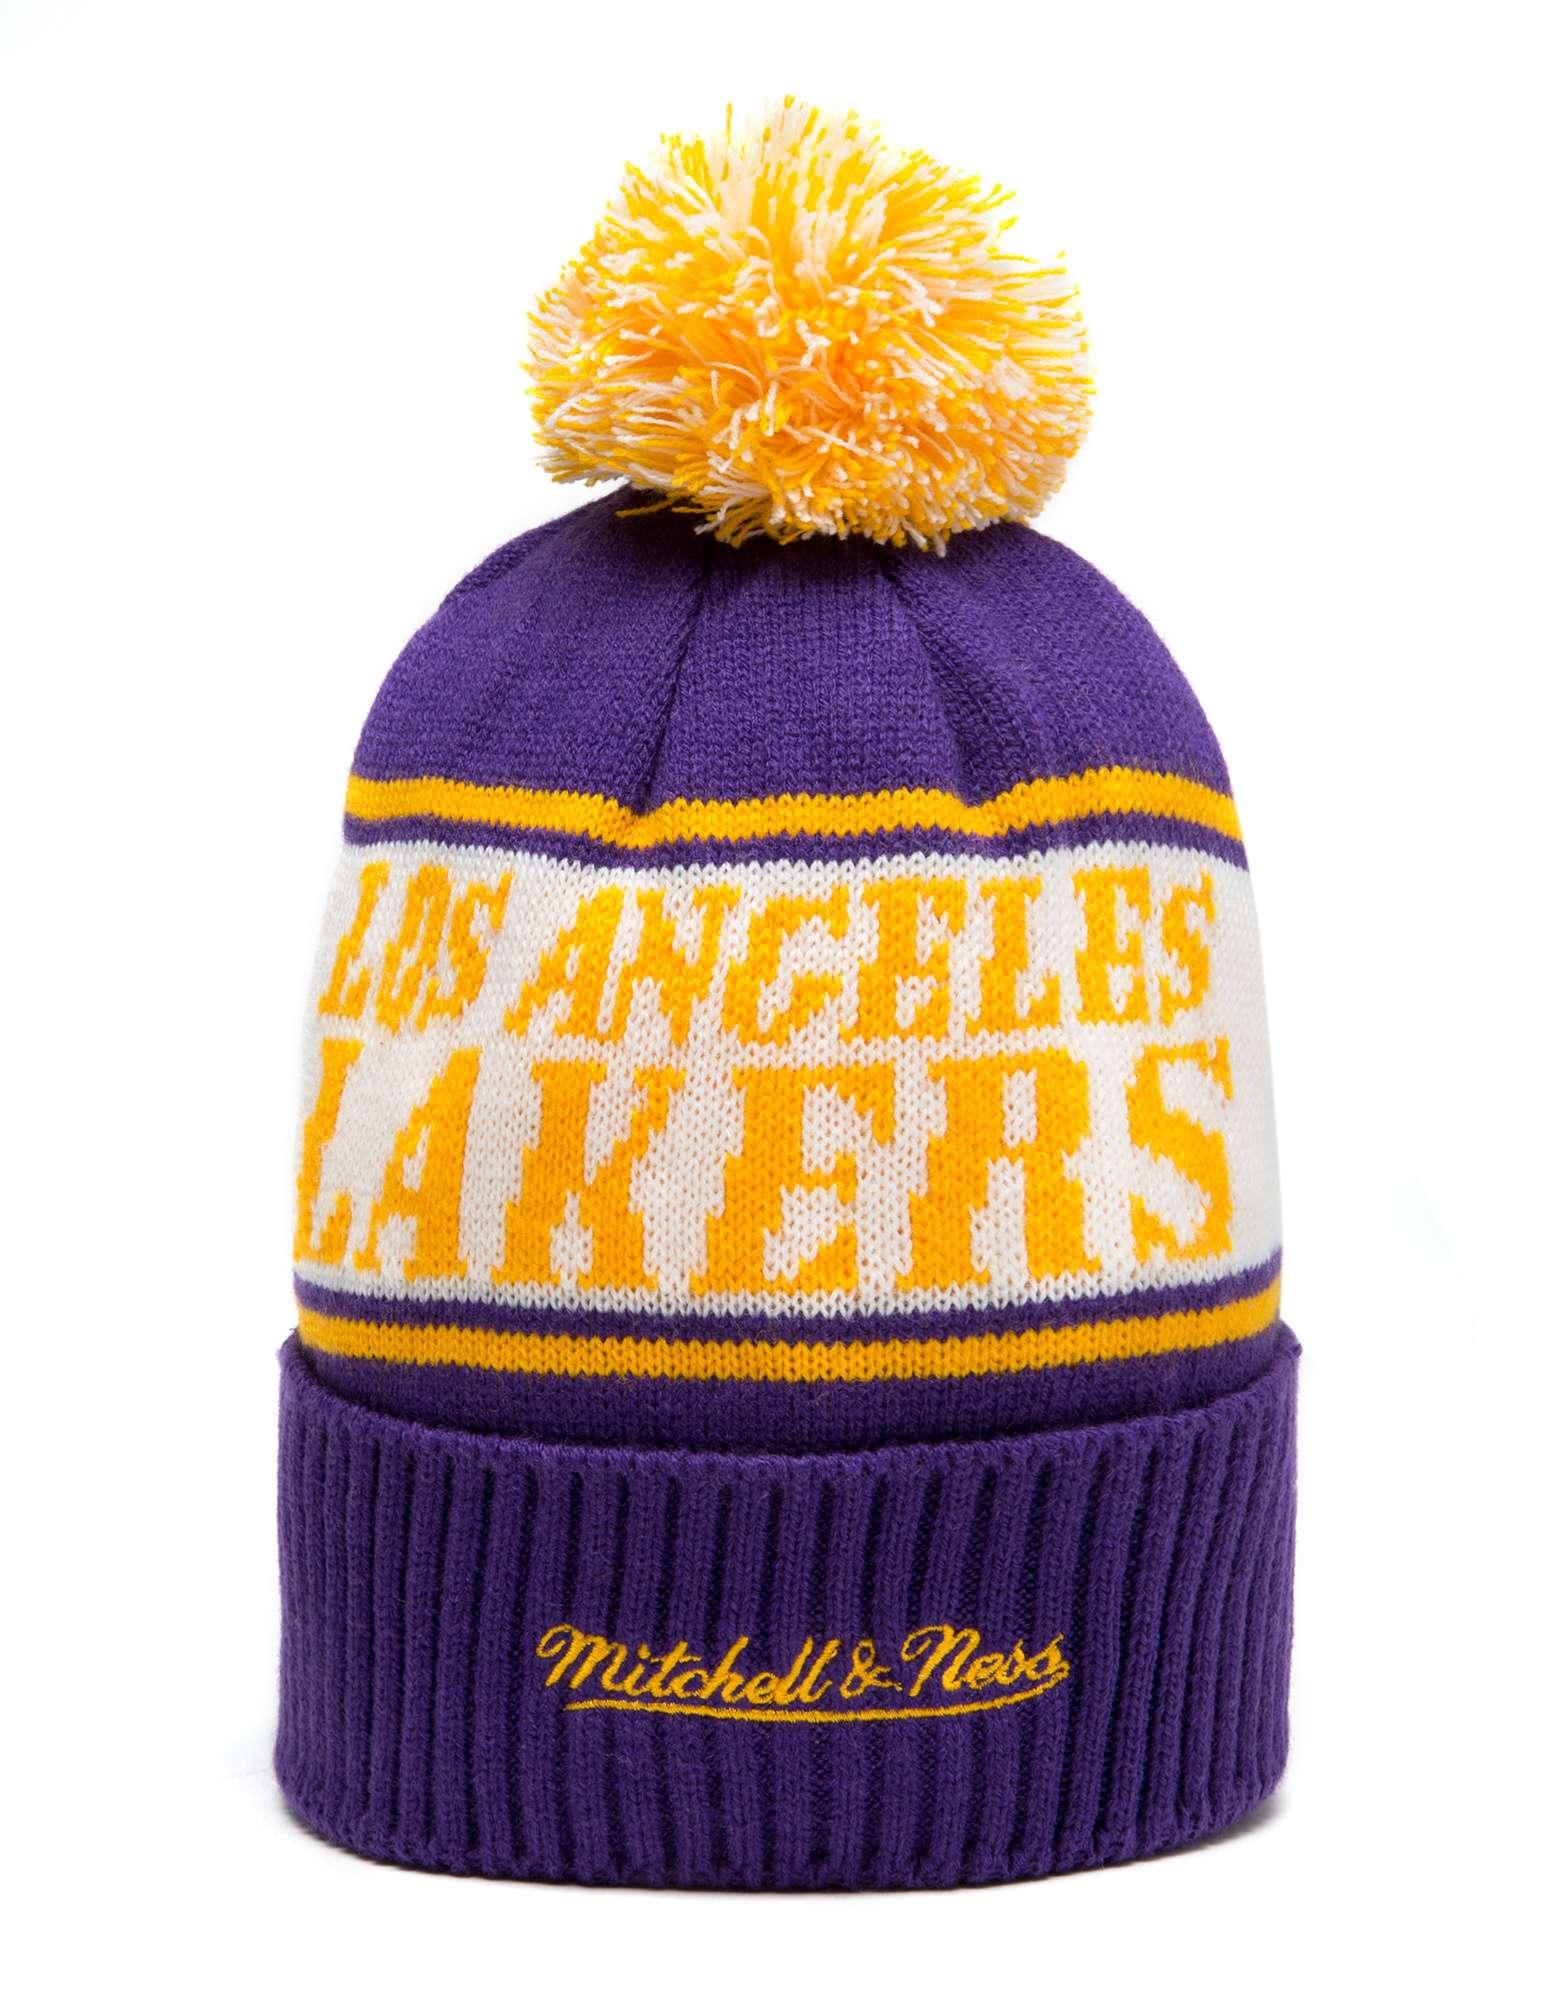 Mitchell & Ness NBA Los Angeles Lakers Wordmark Bobble Hat
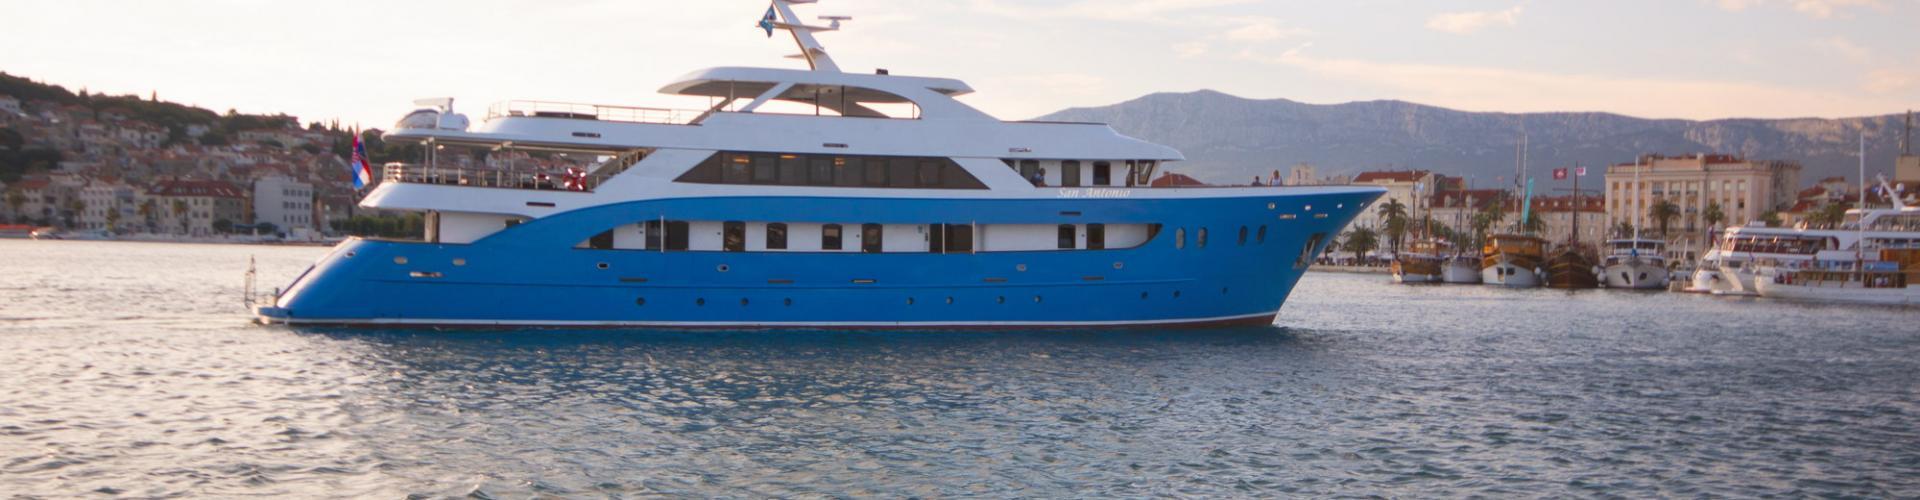 motor boat Deluxe cruiser MV San Antonio
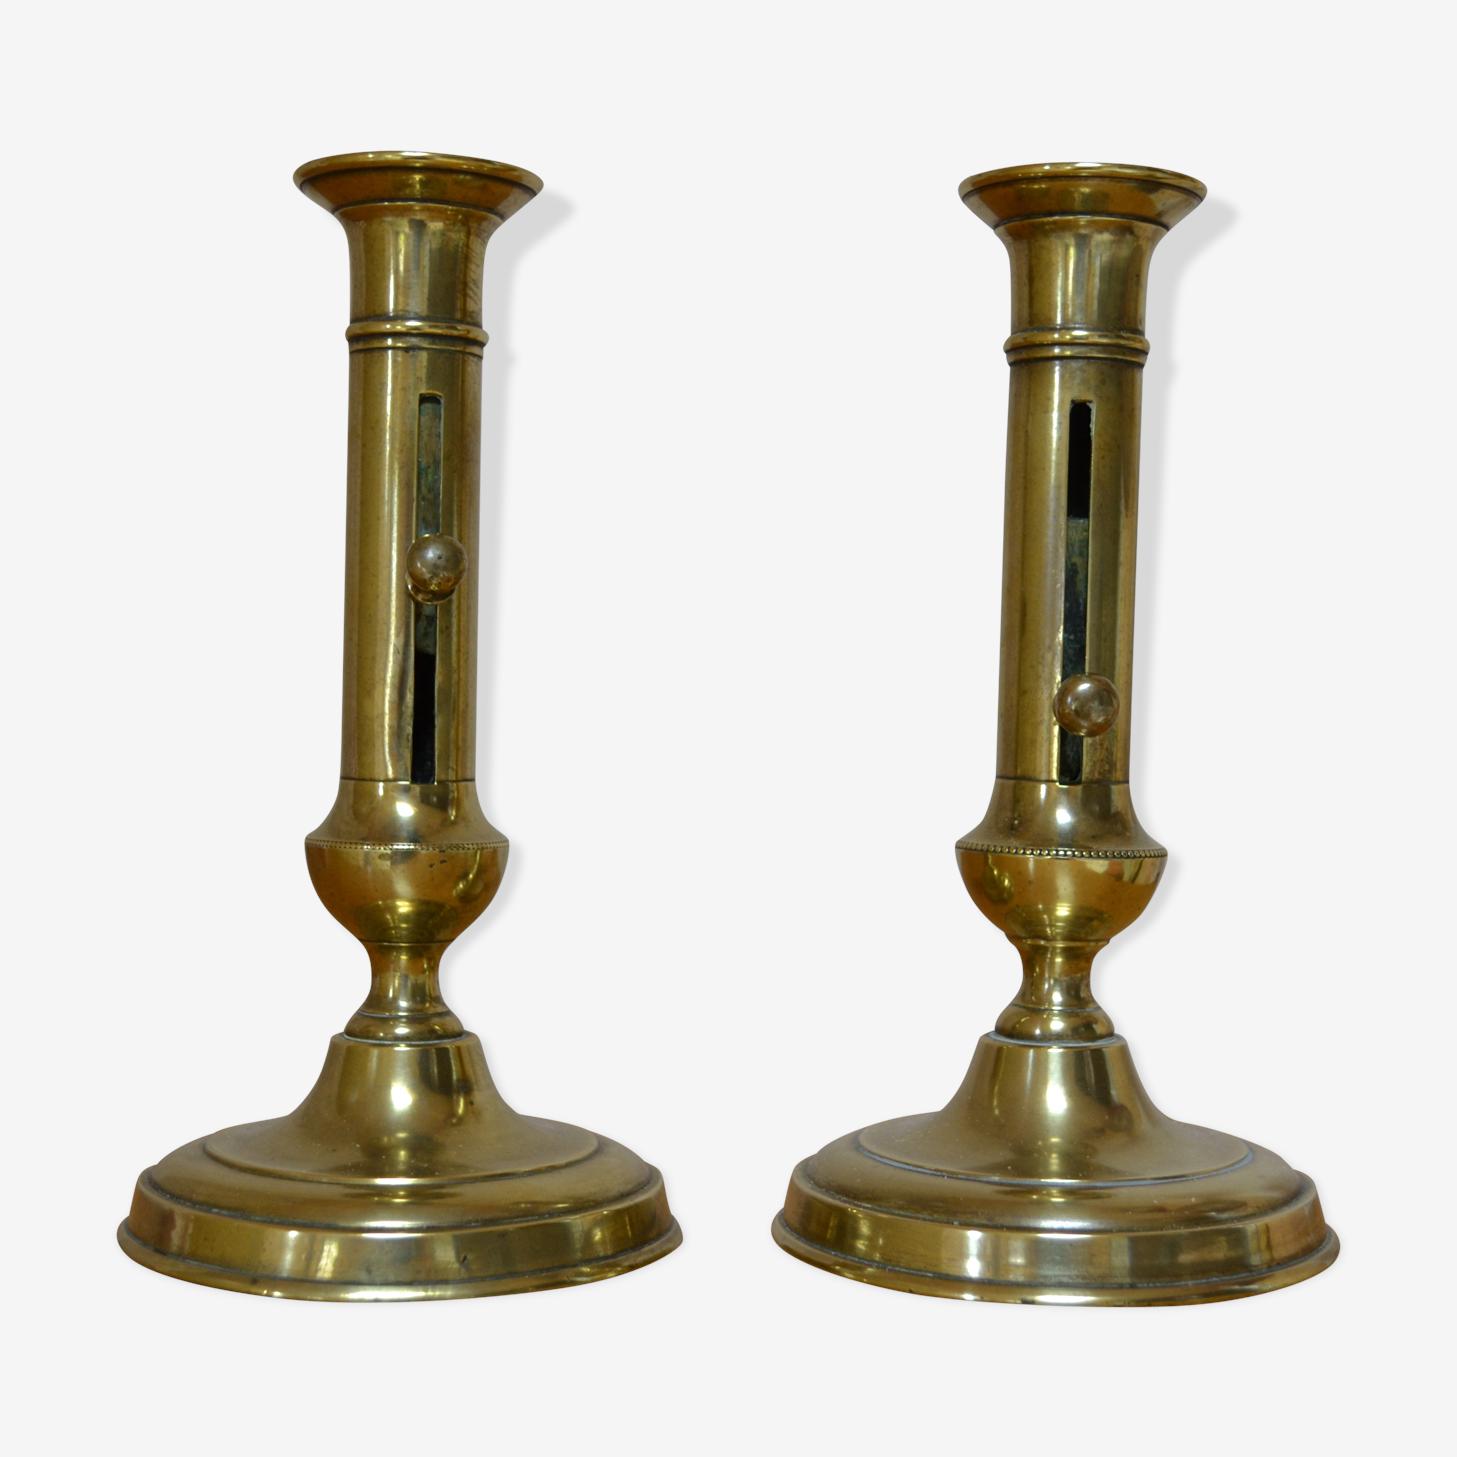 Golden vintage brass candlesticks

§ **EXERCISE OBJECTIVE**: Without including any picture, reproduce the material above word for word.

§ **WRITTEN REPLY**:
 Mitchell & Ness NBA Los Angeles Lakers Wordmark Bobble Hat
 motor boat Deluxe cruiser MV San Antonio
 Golden vintage brass candlesticks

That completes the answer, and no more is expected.